Большие вопросы остались и к кастингу постановки. И, несмотря на блестящую работу маэстро Гатти, использовавшего сразу две авторские рукописи «Трубадура», не обошлось без едва ли заслуженных шпилек по адресу недостаточно пламенной самоотдачи оркестра. Но главной изюминкой как для безудержных поклонников Анны Нетребко, так и для её не менее заклятых критиков стало ее выступление в партии Леоноры.
Сама по себе партия – каторжная. Сложнейшая тесситура, фейерверки межрегистровых модуляций, россыпи стаккато и «садистское» количество фиоритур – всё говорит о том, что Верди, хоть и был женат на сопрано, но по-настоящему любил всё-таки теноров, ибо ни в одной теноровой партии у Верди нет такого нагромождения бесчеловечных по своей сложности пассажей, как в партии Леоноры. Справедливости ради нужно заметить, что в «Трубадуре» Верди озадачил не только обладательниц высокого голоса: досталось и другим голосам, но даже по общей продолжительности вокального присутствия на сцене партия Леоноры – экстраординарна, — и отчего опера называется именем исполнителя «двух арий», понять так же сложно, как и разобраться в алогичном нагромождении драматургических зигзагов либретто. Но – по порядку.
На мой вкус и слух, Анна Нетребко не просто справилась со всеми сложностями этой коварной партии, но справилась совершенно блестяще. Обходя острые углы, зауживая верха и «отпуская» низы, певица настолько отдаётся вокальному рисунку роли, что мимика и жесты актрисы перестают раздражать своей узнаваемостью. В своих интервью по поводу этой работы Анна много говорила именно о тесситурной сложности партии, совершенно искренне не понимая, про что ей предстоит петь. Во всяком случае, именно эта удаленность певицы от парадигмы психологических состояний главной героини «Трубадура», насколько мне известно, натолкнула режиссёра Алвиса Херманиса на мысль об использовании образа Мадонны с младенцем для декодирования метасюжетной подоплёки либретто. Совершенно очевидно, что редкая мать поспорит с тем, что безусловной любви достоин только родной ребёнок, и самопожертвование, символом которого становится Леонора, по понятным причинам нервировало певицу на стадии освоения материала: ни один мужчина не стоит жизни ни одной женщины. Этот закон продолжения вида не имеет обратной силы. И даже безумная месть цыганки-детоубийцы — посвящена матери. Алвису Херманису удалось если не вывести певицу на нужный уровень психологической эмпатии по отношению к исполняемому персонажу, то, как минимум, создать достойное обрамление выдающейся вокальной работе примадонны.

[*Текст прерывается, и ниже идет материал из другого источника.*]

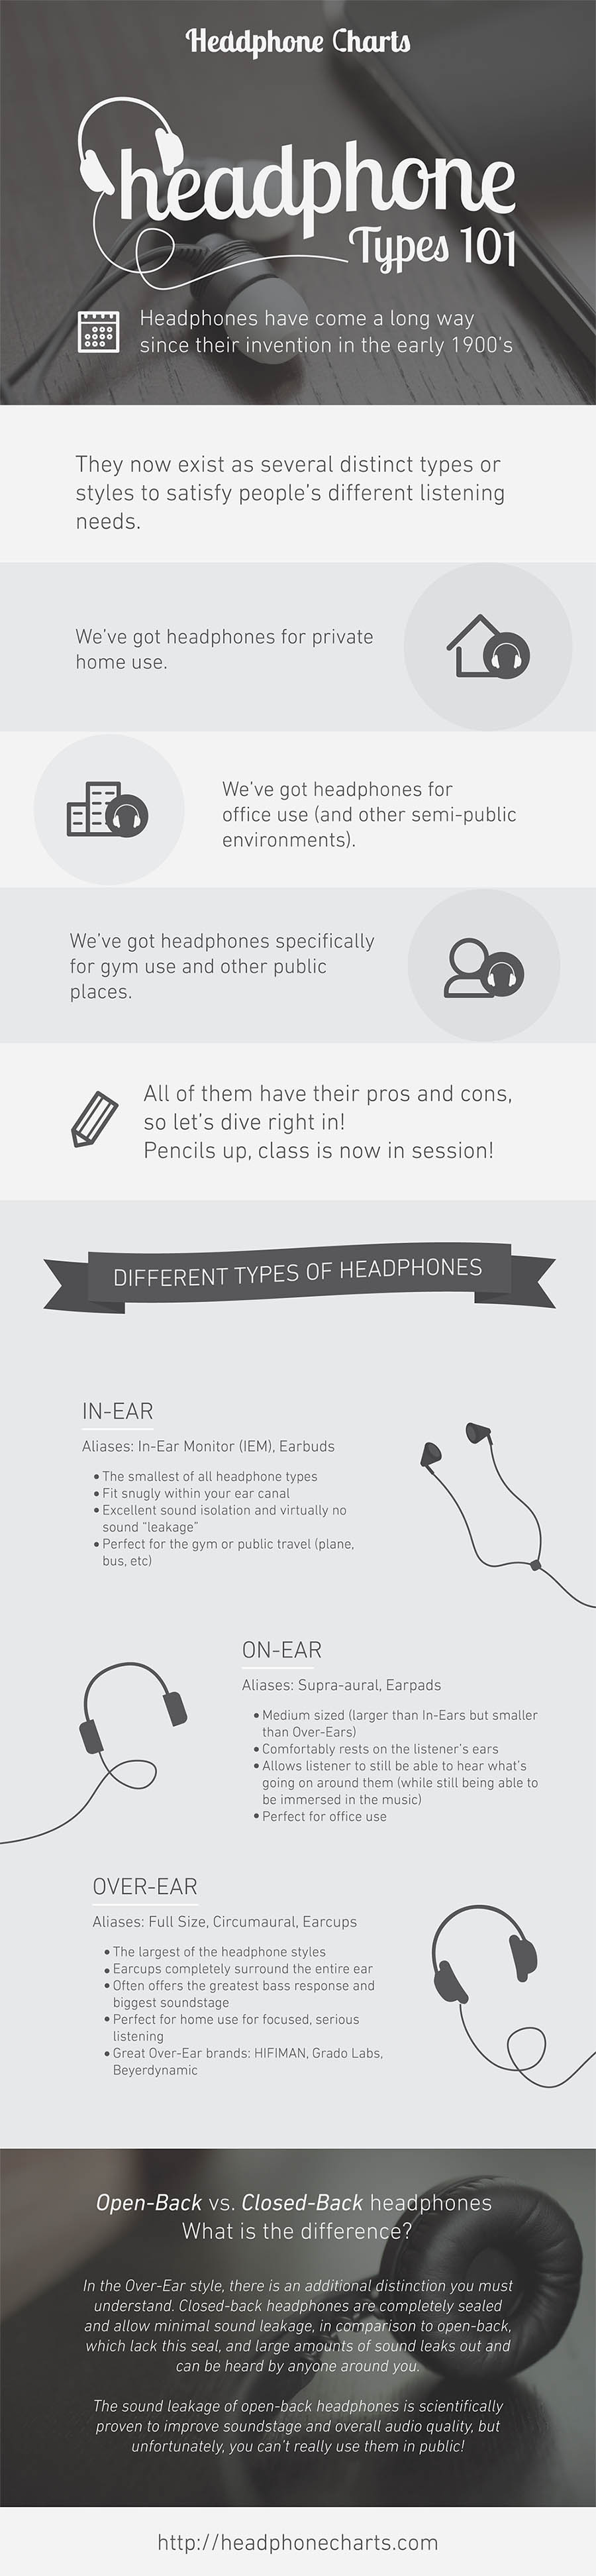 Different types of Headphones - Infographic

Вообще говоря, рассказывать обо всех внутренних токах и метасмыслах постановки Херманиса – значит, совершать в некотором роде бестактность: спектакль скроен из таких полуинтимных намёков и самоцитат, вдохновлен настолько личными переживаниями, что прозвучавший перед генеральной репетицией во время пресс-конференции вопрос, не будут ли Анна Нетребко и Пласидо Доминго изображать на сцене свои реальные отношения за её пределами, мог бы показаться образцом деликатности на фоне препарирования «закадровых» подтекстов спектакля.
В интервью и в частных беседах Алвис Херманис замечал, что легко считываемые параллели концептуальной канвы спектакля (опера — как музей, посетители и служители музея – как соучастники сюжетов оживающих полотен) с известными социокультурными архетипами – осознанны и осмысленны. На первый взгляд, они направлены на нашу лениво-потребительскую зашоренность в восприятии наследия прошлого. Но эта дидактическая установка – иллюзорна. Её прямолинейную навязчивость нейтрализует психиатрическая подоплёка предложенного прочтения. Ведь уже после первого монолога Леоноры «Tacea la notte placida» становится ясно, что героиня Нетребко если не окончательно тронулась умом от беспрерывного созерцания портретной живописи XV-XVI вв. (привет вагнеровской Сенте!), то уж точно впала в некое измененное состояние, которое, судя по всему, оказывается заразным. В том же ночном полубреду в залах музея появляется герой Пласидо Доминго: пожилой смотритель (по тексту — Граф ди Луна) влюблен в молодую смотрительницу, которая, наглядевшись на картины прошлого, неосмотрительно влюбилась в увиденного на одном из портретов безымянного трубадура в малиновом берете (далее – по тексту). И всё бы хорошо, только вот пожилой Лунный Смотритель скорее в отцы годится сошедшему с полотен Соларио, Беллини, ди Креди и Рафаэля, вместе взятых конкуренту за подсознание Леоноры – некоему совершенно призрачному трубадуру Манрико. Причем, не только визуально.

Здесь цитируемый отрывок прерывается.